Wednesday, June 14, 2017

Persuasion, ideology, politics

One thing I noticed about the most recent election campaign was the real lack of effort to persuade.  My social media feeds were full of people posting political things, but I only remember seeing one serious attempt to persuade people to vote one way or another (and even that was framed in terms of 'if you know anyone who is thinking of voting Tory...' - i.e., it wasn't trying to persuade directly, but on the assumption that all our friends think the same as us was advising on how we might evangelise the heathen).  Why don't we try to persuade each other?

My guess is that there are a number of factors.

One is the resurrection, on the left at least, of ideology.  Ideology, which we might perhaps define as a coherent and programmatic set of ideas which are considered to mutually imply or reinforce one another, makes persuasion more difficult, because you have to buy the whole package.  Now, some of us have considered, for example, socialism, and found that it's not a package we want to purchase.  You could still persuade me, though, if you wanted, of various individual policies.  But there is a sense of this being not worth the while.

Part of that sense is driven, I think, by the winner-takes-all setup of British politics.  If you can't persuade me to come over completely to 'your side', there's not much point in trying to persuade me of particular positions.  At the end of the day, one side or the other will be in power.  Note that this is true even after a very mixed election result like last week's.  The Labour party is not talking about how their ideas need to be taken into account, but about how hard they will make it for the Tories to govern.  Similarly, the chastened Conservatives are not chastened enough to consider a cross-party response to anything.

I wonder also if we've stopped trying to persuade because of a combination of statistics and a sense that people will almost always vote their own, predetermined, interests.  One of the most disturbing things about the last election campaign was the division exposed, and I think exacerbated, between young and old.  The implication was that we all know young people vote left, and old people right, and they do so because the right promotes the interests of the elderly and the left the interests of the young.  The determinism implied in this is fueled by stats: we know that the majority of younger people do vote left.  But the assumption that, for example, your dad is bound to vote Tory because he's drawing a pension, and that he does so without a thought for you and your situation is really quite offensive.  This promotes the worst kind of tribalism.  (Speaking from a Christian point of view, I would also want to point out the many, many passages of Scripture which encourage us to respect our elders as those likely to have more wisdom than us!)
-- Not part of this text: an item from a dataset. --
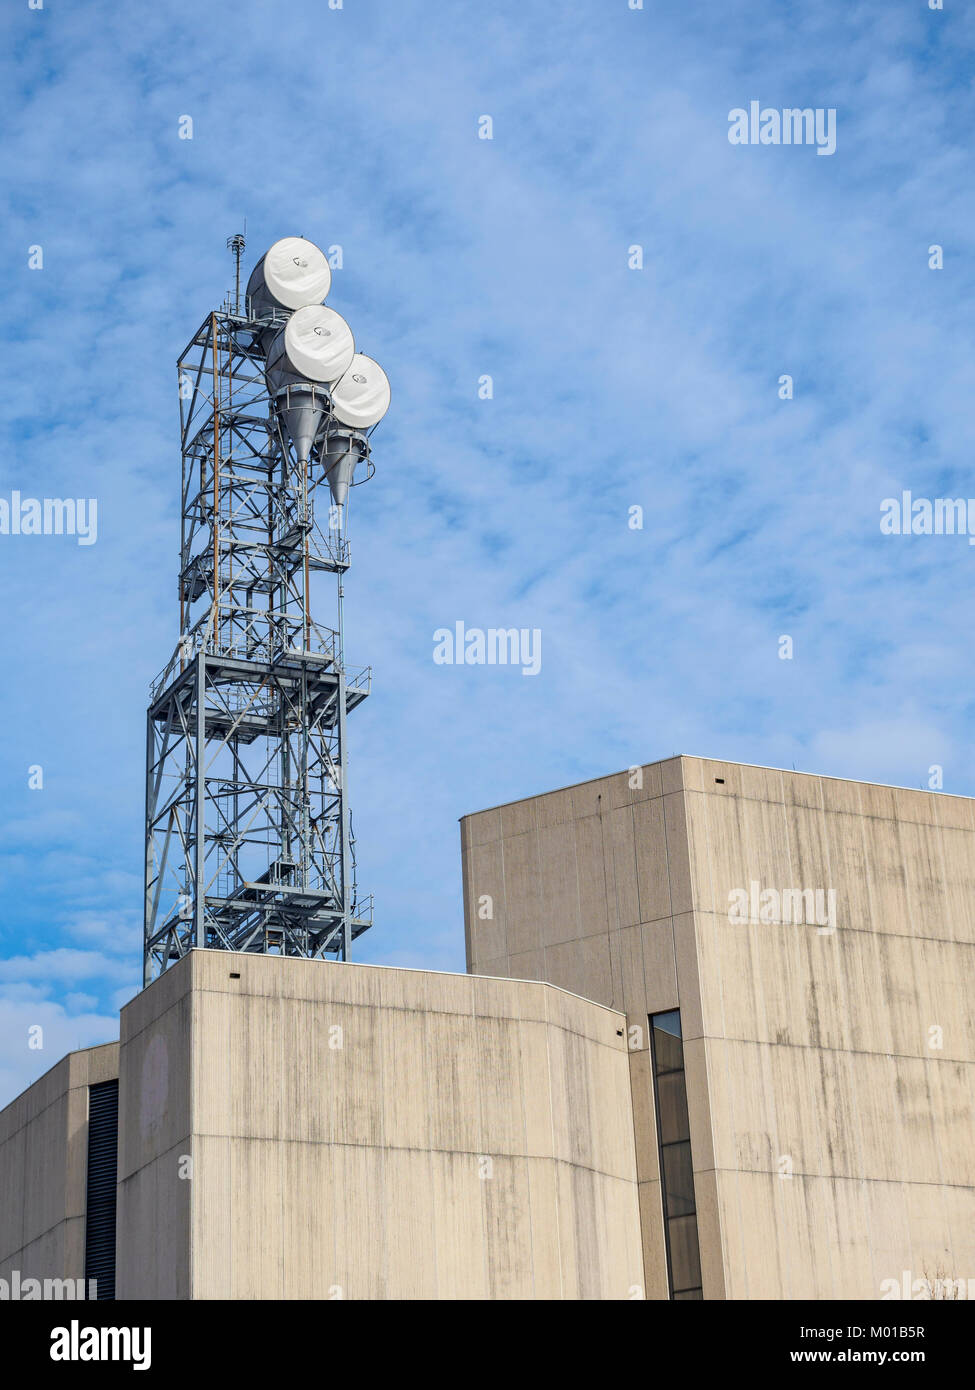 Microwave communication or telecommunications tower sitting atop a large concrete building or structure in Montgomery, Alabama USA. Stock Photo

Another thought is that we are all thoroughly caught up in post-truth.  No point trying to persuade people who live in different worlds and have different truths.  This is not limited to just the extremists, nor is it a phenomenon of the left or right exclusively (it is interesting to compare, for example, Corbyn's comments on the 'mainstream media' with those of the Donald.  My guess is that if you anonymised the comments people wouldn't be able to tell the difference).  But here's the thing: we're post-truth, but we aren't prepared to go full relativist.  So we're led into this place where we have to assume conspiracy: we know the truth, and all those who disagree are blinded.  It would take something with the force of a religious conversion to open their eyes, and so we don't bother trying to engage and persuade.

There is, of course, a big chunk of reality in the post-truth analysis.  We do all live in different worlds.  We see things hugely differently.  So my last thought is this: we don't want to try to persuade in the political realm because it is really, really difficult.  It is difficult because we can't assume the same priorities, or the same goals - it isn't as if we just disagree on the best way to get up the mountain.  We disagree about what the mountain is, or whether there is a mountain at all.  Attempts to persuade would take us pretty quickly into hard conversations - do we agree on any aspects of human flourishing?  Do we even agree about what a human being is?  And here we're in trouble, because I'm not sure we do.  So persuasion would have to go behind politics to huge issues of anthropology, ethics, and ontology.  Who, frankly, can be bothered?

I am not convinced the future is bright for our political discourse.  I don't think we can assume that democracy can work in such a fragmented society.  I wonder what happens next.